The questions and concerns posed to the audience centered on the environment, traffic flow and is the insurance environment ready/underestimating the impact of this type of vehicle.  At this time the average vehicle is 11 years old with very little Vehicle2Vehicle communication begging the question, when/will this be available quickly and how will the older vehicles relate to these new vehicles?  Today we include the operator in the rating of the policy; how will this technology impact rating issues, how automated will the vehicle be, will it be 80/20, 90/10 breakdown for rating the vehicle/operator, how will the vehicle be maintained and how will new software impact the rate/exposure?  Michele feels like some of the liability will go back on the manufacture if breakdown. Gerald thinks that warranties will need to be considered which will impact these vehicles just as drones.
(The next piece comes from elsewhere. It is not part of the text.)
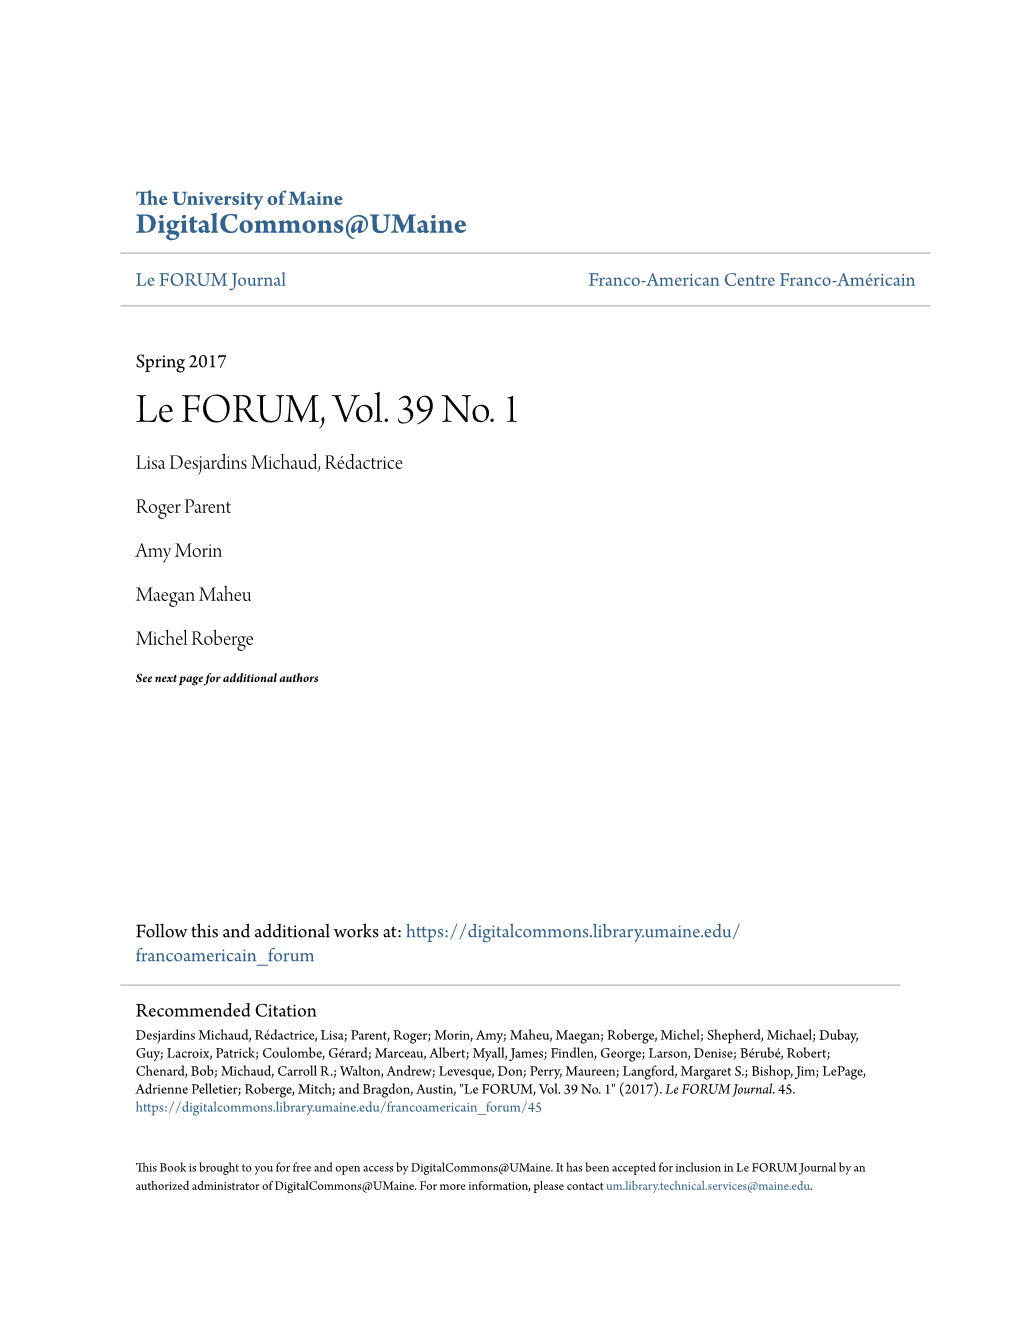 Le FORUM, Vol. 39 No. 1 Lisa Desjardins Michaud, Rédactrice

The audience was questioned on this topic and indicated they believe the technology is coming, we need to assist in our industries readiness 

The panel ended this topic discussing Mcity, which is a University of Michigan 32 acre test facility for evaluating and monitoring the use of autonomous vehicles while studying the worthiness of these vehicles and their ability to connect.

Managing these Emerging Risks

In conclusion the panel discussed Opportunity Vs Risk and the insurance industry need to decide if and how to underwrite.  We need to keep a learning and development partnership with each other to understand the risks while finding new products and solutions.  We were cautioned not to make it a silo learning experience, instead we need to possess a mindset on sharing of information while making it a part of our culture to assess and identify the risks.

Our final quote for the session came from Norman Augustine, the CEO of Lockheed Martin who stated “‘when preparing for a crisis, it is instructive to recall that Noah started building the ark before it began to rain.”